South China Morning Post reports that an employee of the Zunyi, Guizhou province located company posted a video of the beatings of staff members on the Chinese social media site, Weibo last week. The video depicts a shirtless man being whipped by a belt, while others are forced to watch and drink what is believed to be urine from cups.

Other Disturbing Abuses

The video, which accrued over 540,000 views as of Monday; prior to being deleted, captured employees being forced to stand in a circle and share cups of urine while watching the middle-aged man receive a severe beating.

Employees of the Guizhou leaked text messages to media outlets containing evidence of other abuses pressed upon them by their management:

If the sales goal has not been met by the end of this month, the team leader will have to eat three cockroaches for each failed sale.

Other reported text messages from management include admissions to forced “drinking vinegar or toilet water, selling condoms and sanitary pads on the street, and having their head shaved.”

The managers are receiving light sentences for their civil rights abuses, two of which seemingly were only jailed for ten days — while the third was sentenced to five days.
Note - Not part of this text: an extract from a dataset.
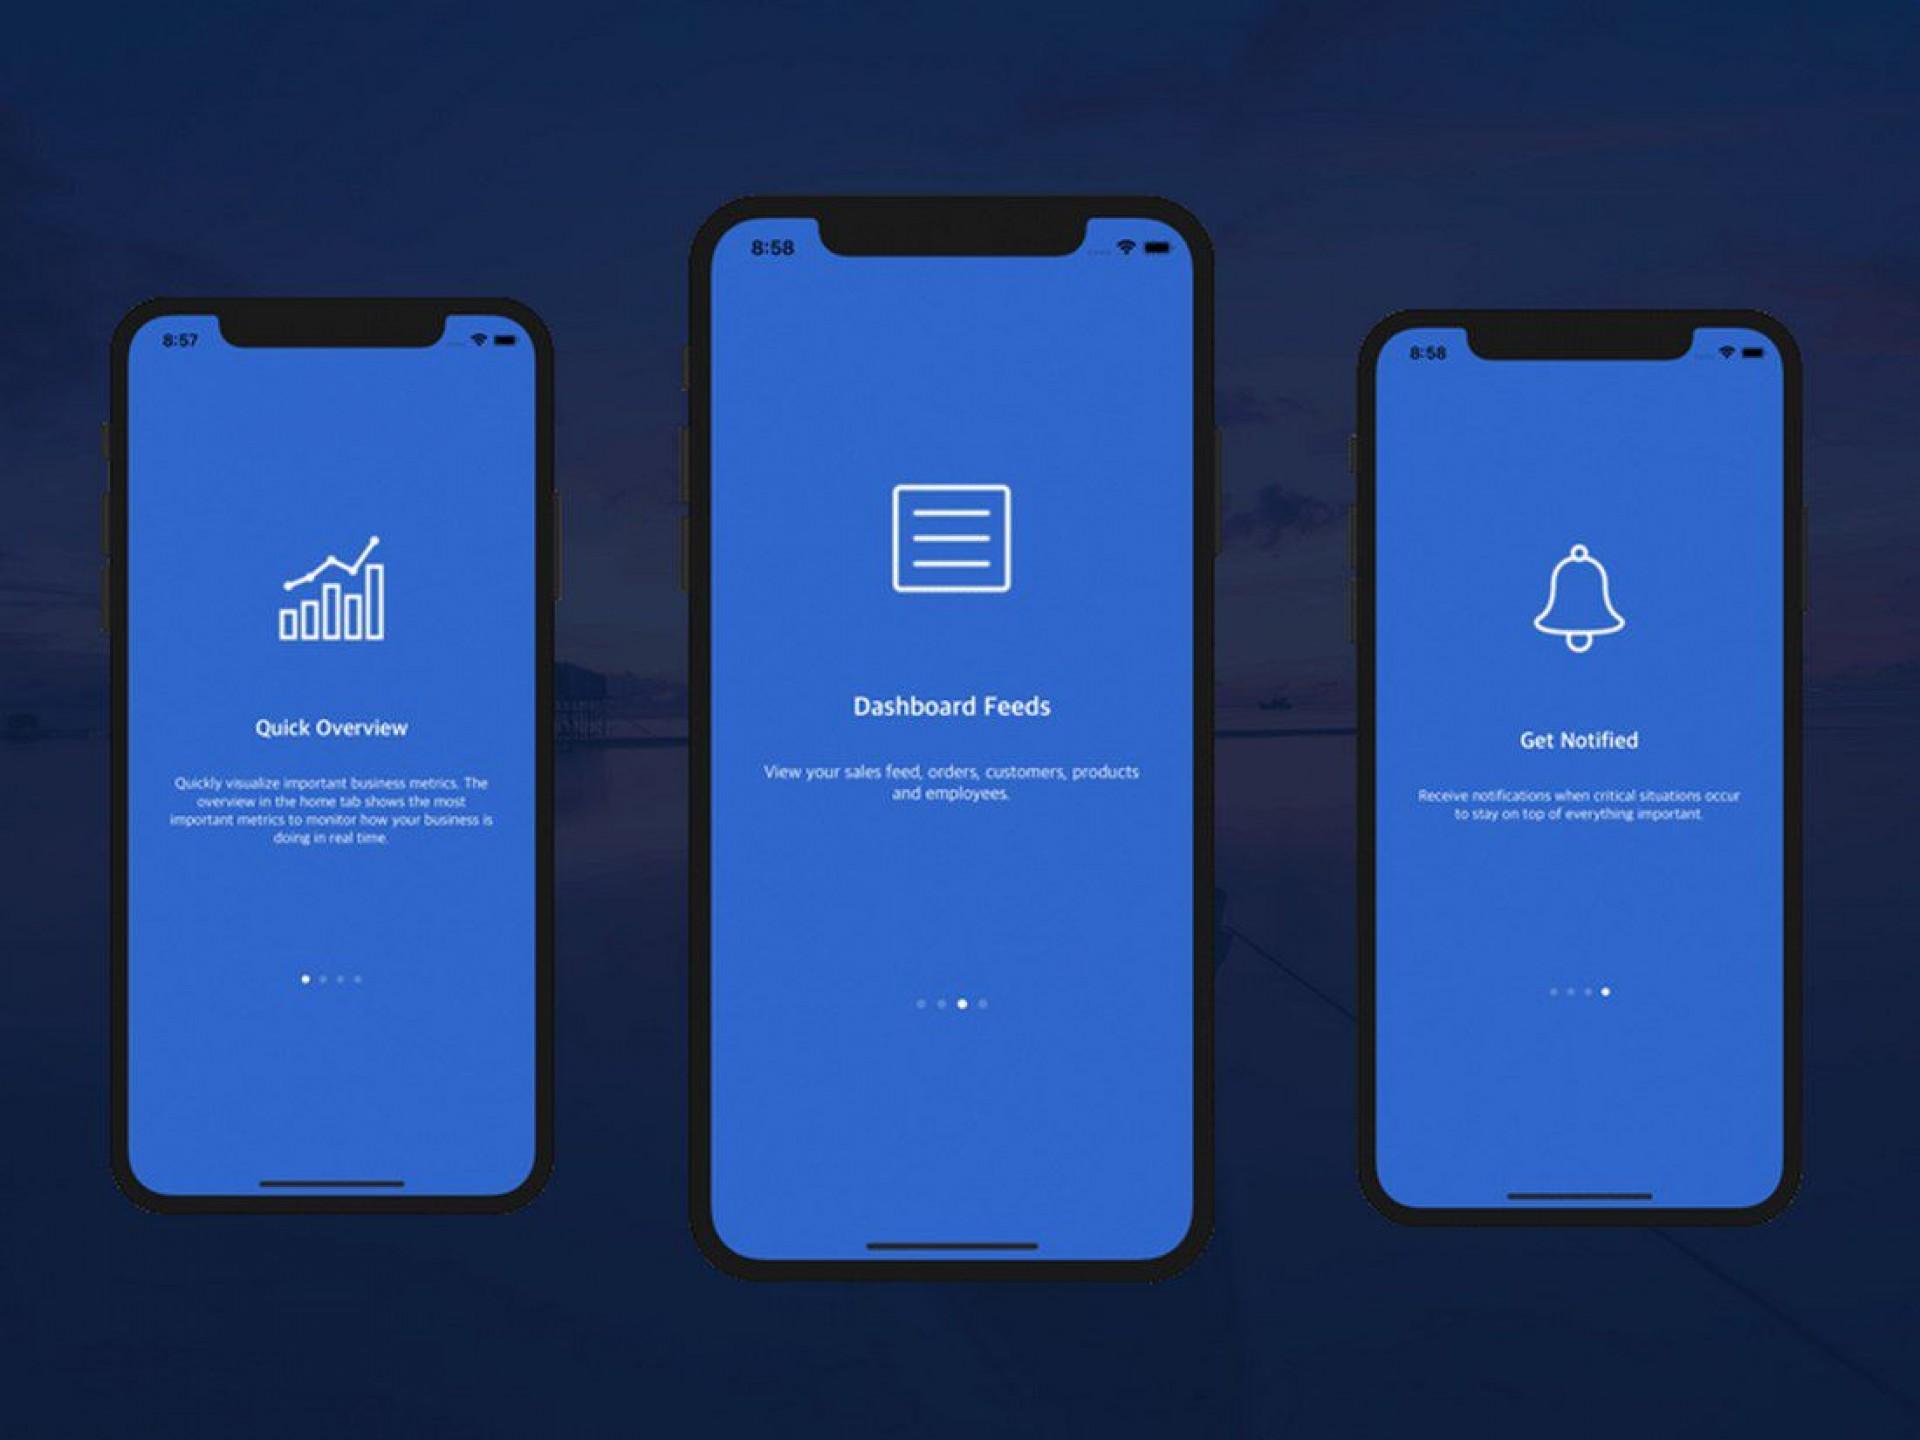 004 Top Iphone App Design Template Concept  X Io Sketch1920

Little Recourse For Chinese Staff Workers

The managers are receiving light sentences for their civil rights abuses, two of which seemingly were only jailed for ten days — while the third was sentenced to five days.

Throughout China, reports of worker unrest have increased as more cases of civil rights, and labor violations have come to the forefront. Apple, Amazon and Samsung supplier HEG Technology have each been accused of having child labor practices, unpaid overtime, and refusing to pay employees living wages, according to China Labour Watch (CLW). From a December 2014 report:

China Labor Watch (CLW) has collected additional evidence to support the allegations that child workers and student workers from the Chengdu Urban Construction Vocational School in Sichuan Province were employed at Samsung supplier factory HEG Technology this year under exploitative working conditions. Evidence that includes recordings of direct interviews with the young workers demonstrates that they labored for 10 hours per day, sometimes without a single rest day in a week, and were not paid all of their wages.

From later in the brief, “On August 21 [2014], CLW provided lists to Samsung of 117 student workers and 14 child workers who were employed at HEG. A number of child workers on the lists worked on a Samsung production line called the Production Second Assembly Storage Group (D3),” while HEG sued CLW for defamation, there have been multiple complaints of the sort against the company and throughout China.

Beijing currently bans all labor organizing, trade unions, and prohibits workers from going on strike — making it difficult for the Chinese working class to fight inhumane abuses.